◆ Stored records:
⁂
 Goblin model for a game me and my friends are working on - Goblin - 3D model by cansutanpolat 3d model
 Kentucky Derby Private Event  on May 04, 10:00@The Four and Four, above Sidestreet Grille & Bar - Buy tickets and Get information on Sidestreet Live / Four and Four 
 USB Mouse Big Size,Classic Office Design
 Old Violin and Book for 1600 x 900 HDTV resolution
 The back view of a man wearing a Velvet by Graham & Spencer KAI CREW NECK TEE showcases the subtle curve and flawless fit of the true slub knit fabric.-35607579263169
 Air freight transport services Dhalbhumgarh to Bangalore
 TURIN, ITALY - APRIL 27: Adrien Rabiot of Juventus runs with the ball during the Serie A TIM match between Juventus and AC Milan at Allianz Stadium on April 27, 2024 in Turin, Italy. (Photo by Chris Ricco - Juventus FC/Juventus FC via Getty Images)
⁂
◆ What you are asked to do: Would you please repeat exactly the lines above, starting at the line with "Kentucky Derby Private" and stopping at the line with "Old Violin and", both included?

◆ Finished exercise:
 Kentucky Derby Private Event  on May 04, 10:00@The Four and Four, above Sidestreet Grille & Bar - Buy tickets and Get information on Sidestreet Live / Four and Four 
 USB Mouse Big Size,Classic Office Design
 Old Violin and Book for 1600 x 900 HDTV resolution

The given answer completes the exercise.